- [DATA EXCERPT]
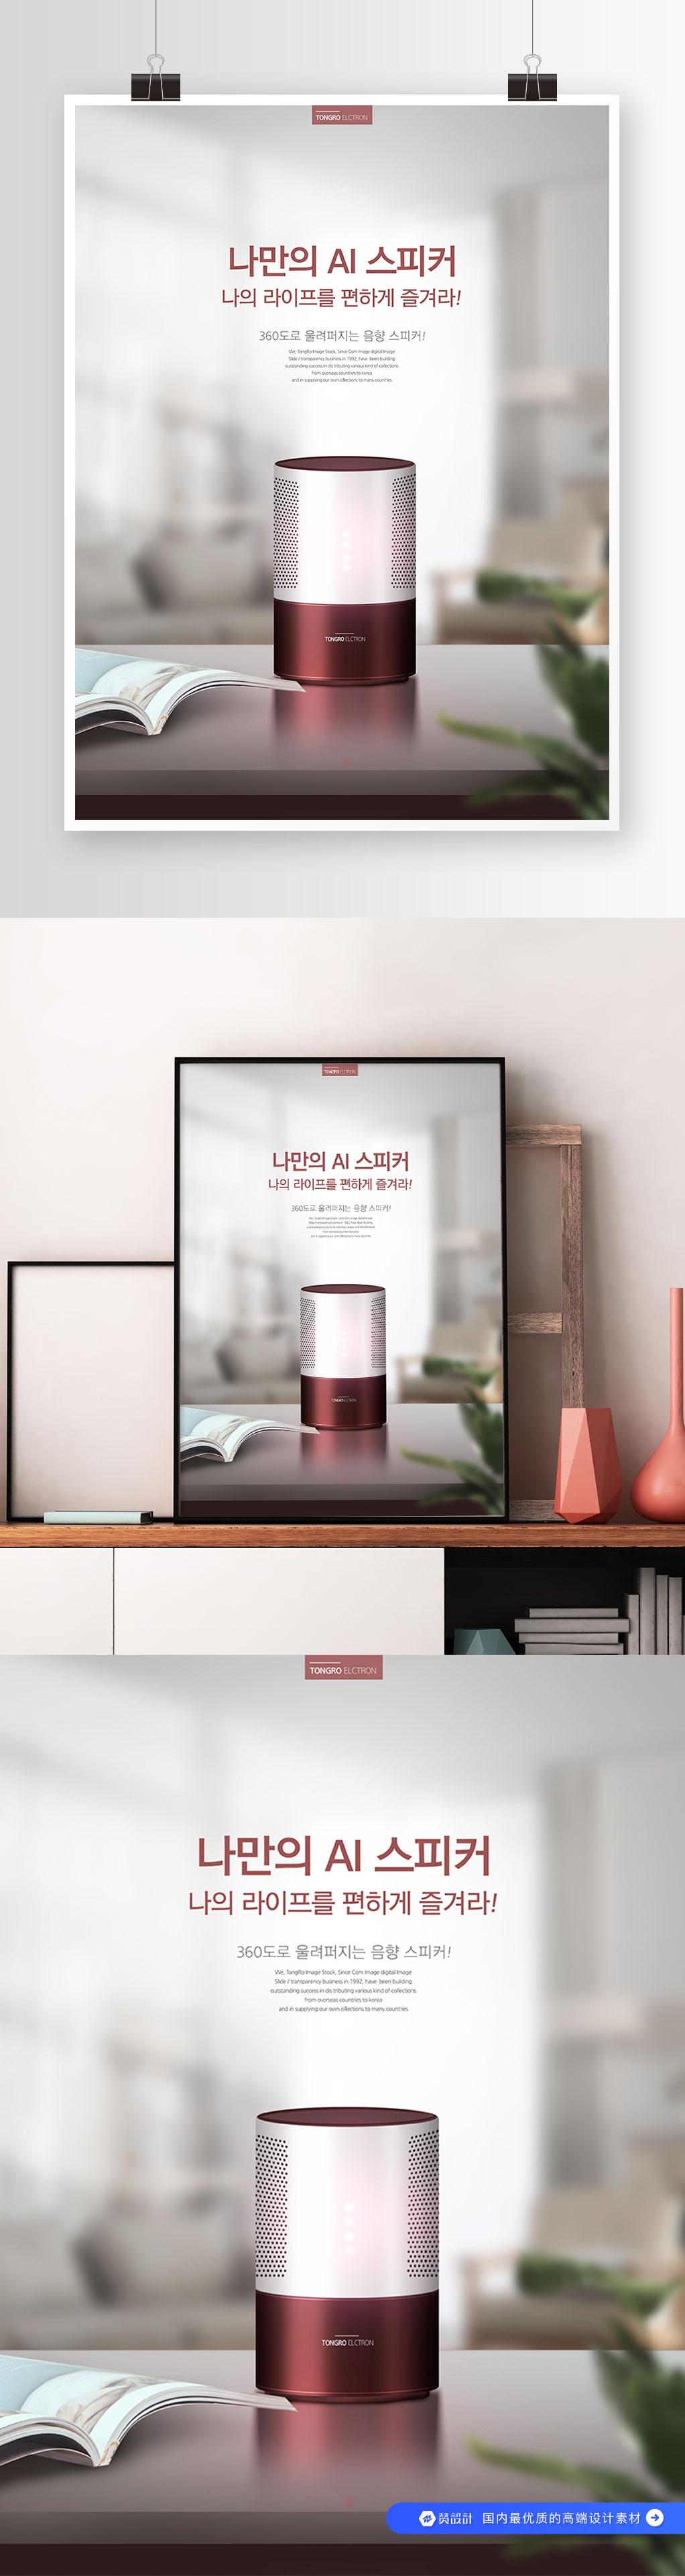 创意唯美空气净化家电器宣传海报
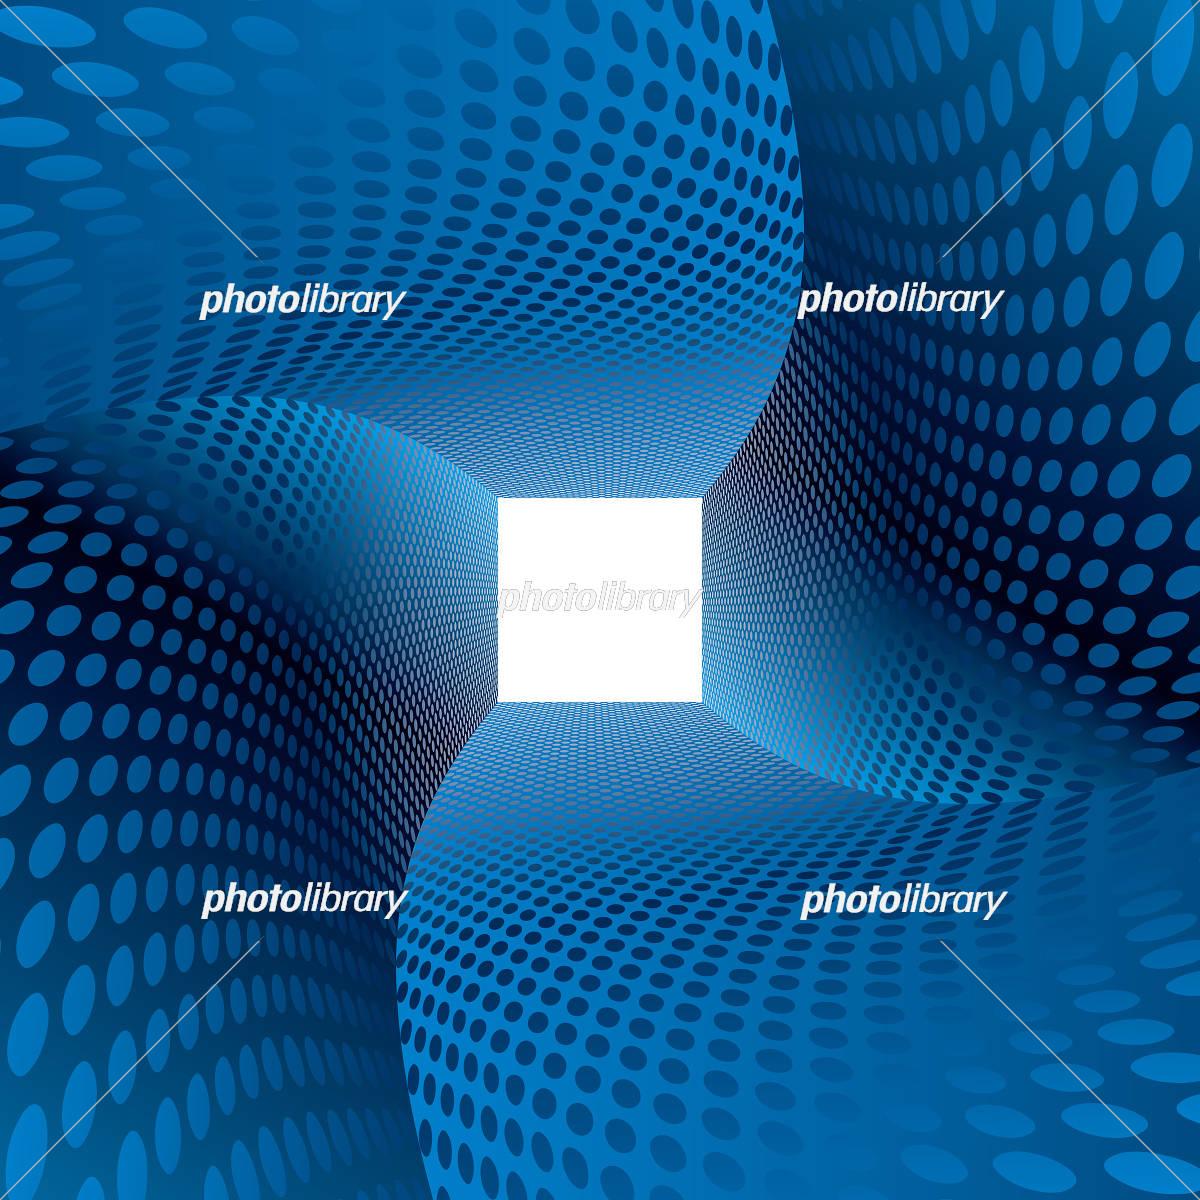 異次元空間イメージ イラスト素材 フォトライブラリー Photolibrary
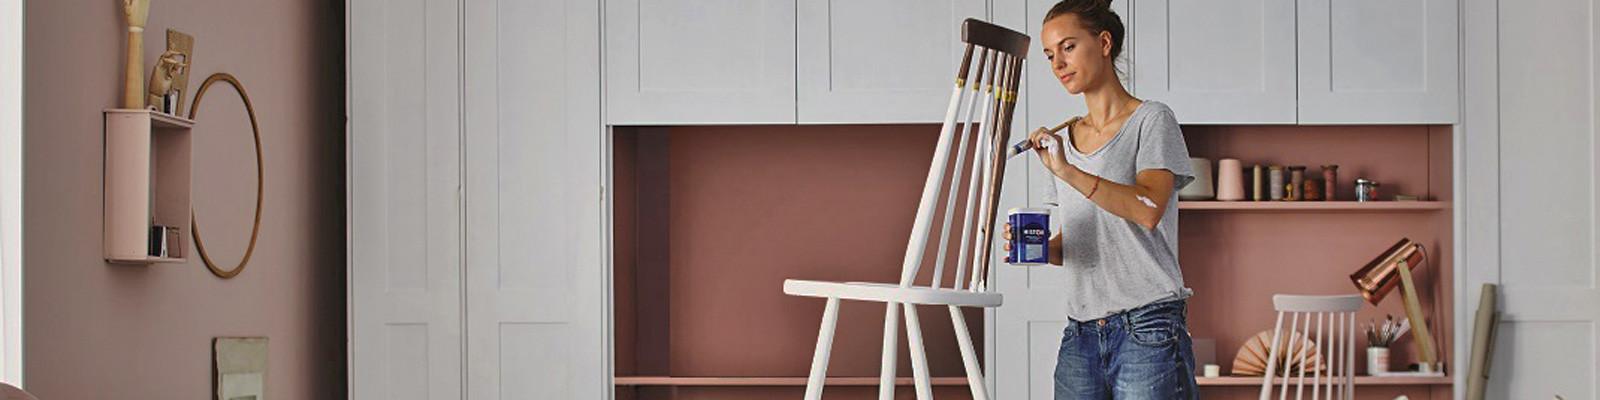 Sigma verf deuren kasten stoelen wit oud-roze

- [DIRECTIONS] In full and without changes, repeat the listing above, but not its pictures.

- [RESULT OF THE TASK]
 创意唯美空气净化家电器宣传海报
 異次元空間イメージ イラスト素材 フォトライブラリー Photolibrary
 Sigma verf deuren kasten stoelen wit oud-roze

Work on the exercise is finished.